Praveen Kumars question elsewhere in this Thread

"Why are we adding 4 to the number?"

is very relevant. And it is why I prefer to code it like this:

int roundUpToMultipleOf5(final int n) {
    return (n + 5 - 1) / 5 * 5;
}

or, passing the value as an argument:

int roundUpToMultiple(final int n, final int multipleOf) {
    return (n + multipleOf - 1) / multipleOf * multipleOf;
}

By adding 1 less than the multiple you're looking for, you've added just enough to make sure that a value of n which is an exact multiple will not round up, and any value of n which is not an exact multiple will be rounded up to the next multiple.

Answer 17

Just pass your number to this function as a double, it will return you rounding the decimal value up to the nearest value of 5;

if 4.25, Output 4.25

if 4.20, Output 4.20

if 4.24, Output 4.20

if 4.26, Output 4.30

if you want to round upto 2 decimal places,then use

DecimalFormat df = new DecimalFormat("#.##");
roundToMultipleOfFive(Double.valueOf(df.format(number)));

if up to 3 places, new DecimalFormat("#.###")

if up to n places, new DecimalFormat("#. nTimes # ")

 public double roundToMultipleOfFive(double x)
            {

                x=input.nextDouble();
                String str=String.valueOf(x);
                int pos=0;
                for(int i=0;i<str.length();i++)
                {
                    if(str.charAt(i)=='.')
                    {
                        pos=i;
                        break;
                    }
                }

                int after=Integer.parseInt(str.substring(pos+1,str.length()));
                int Q=after/5;
                int R =after%5;

                if((Q%2)==0)
                {
                    after=after-R;
                }
                else
                {
                    after=after+(5-R);
                }

                       return Double.parseDouble(str.substring(0,pos+1).concat(String.valueOf(after))));

            }

Answer 18

Here's what I use for rounding to multiples of a number:

private int roundToMultipleOf(int current, int multipleOf, Direction direction){
    if (current % multipleOf == 0){
        return ((current / multipleOf) + (direction == Direction.UP ? 1 : -1)) * multipleOf;
    }
    return (direction == Direction.UP ? (int) Math.ceil((double) current / multipleOf) : (direction == Direction.DOWN ? (int) Math.floor((double) current / multipleOf) : current)) * multipleOf;
}

The variable current is the number you're rounding, multipleOf is whatever you're wanting a multiple of (ie round to nearest 20, nearest 10, etc), and direction is an enum I made to either round up or down.

Good luck!

Answer 19

Round a given number to the nearest multiple of 5.
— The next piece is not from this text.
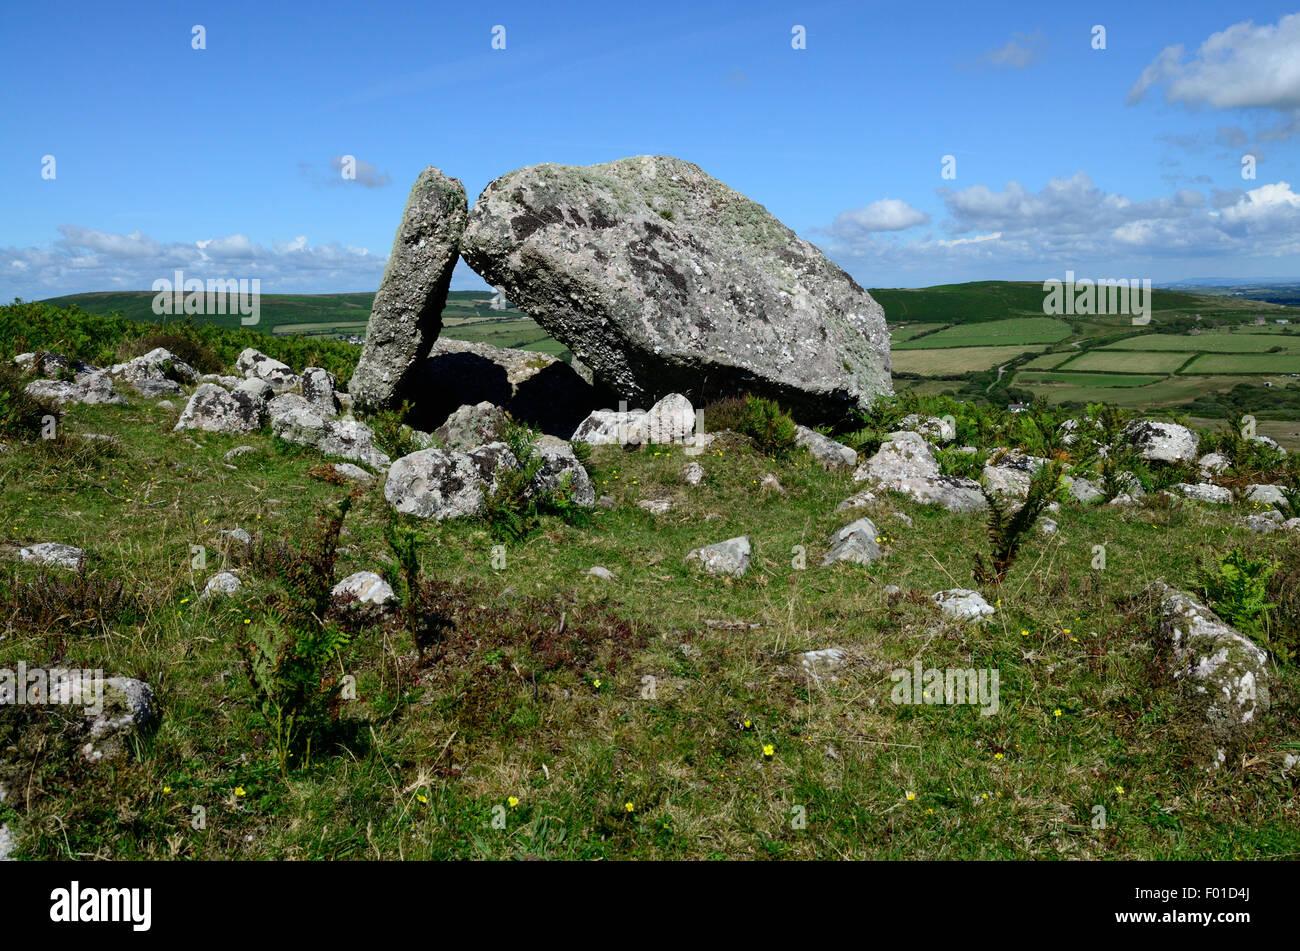 Sweynes Howes chambered tomb on Rhossili Down Gower peninsula Glamorgan Wales Cymru K GB - Stock Image

public static int round(int n)
  while (n % 5 != 0) n++;
  return n; 
}

Answer 20

You can use this method Math.round(38/5) * 5 to get multiple of 5

It can be replace with Math.ceil or Math.floor based on how you want to round off the number

Answer 21

Use this method to get nearest multiple of 5.
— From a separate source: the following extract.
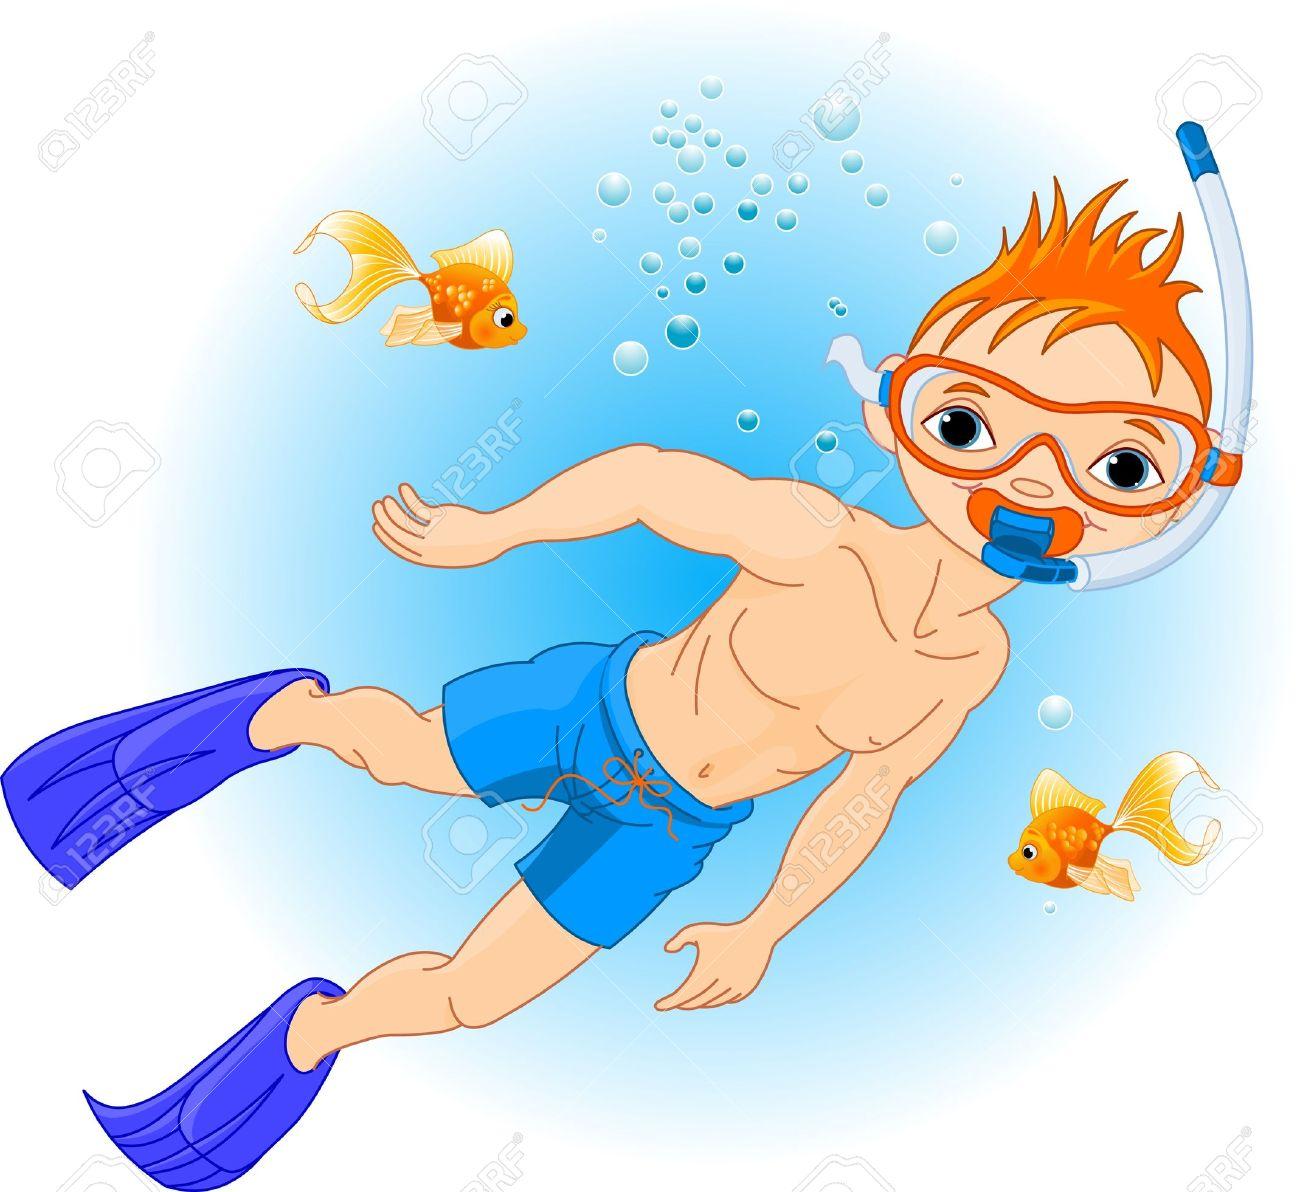 Boy scuba diving clipart.

private int giveNearestMul5(int givenValue){
    int roundedNum = 0;
    int prevMul5, nextMul5;
    prevMul5 = givenValue - givenValue%5;
    nextMul5 = prevMul5 + 5;
    if ((givenValue%5!=0)){
        if ( (givenValue-prevMul5) < (nextMul5-givenValue) ){
            roundedNum = prevMul5;
        } else {
            roundedNum = nextMul5;
        }
    } else{
        roundedNum = givenValue;
    }

    return roundedNum;
}

Answer 22

Recursive:

public static int round(int n){
    return (n%5==0) ? n : round(++n);
}

Answer 23

if (n % 5 == 1){
   n -= 1;
} else if (n % 5 == 2) {
   n -= 2;
} else if (n % 5 == 3) {
   n += 2;
} else if (n % 5 == 4) {
   n += 1;
}

Answer 24

public class MyMath
    {
        public static void main(String[] args) {
            runTests();
        }
        public static double myFloor(double num, double multipleOf) {
            return ( Math.floor(num / multipleOf) * multipleOf );
        }
        public static double myCeil (double num, double multipleOf) {
            return ( Math.ceil (num / multipleOf) * multipleOf );
        }

        private static void runTests() {
            System.out.println("myFloor (57.3,  0.1) : " + myFloor(57.3, 0.1));
            System.out.println("myCeil  (57.3,  0.1) : " + myCeil (57.3, 0.1));
            System.out.println("");
            System.out.println("myFloor (57.3,  1.0) : " + myFloor(57.3, 1.0));
            System.out.println("myCeil  (57.3,  1.0) : " + myCeil (57.3, 1.0));
            System.out.println("");
            System.out.println("myFloor (57.3,  5.0) : " + myFloor(57.3, 5.0));
            System.out.println("myCeil  (57.3,  5.0) : " + myCeil (57.3, 5.0));
            System.out.println("");
            System.out.println("myFloor (57.3, 10.0) : " + myFloor(57.3,10.0));
            System.out.println("myCeil  (57.3, 10.0) : " + myCeil (57.3,10.0));
        }
    }

There is a bug in the myCeil for multiples of 0.1 too ... no idea why.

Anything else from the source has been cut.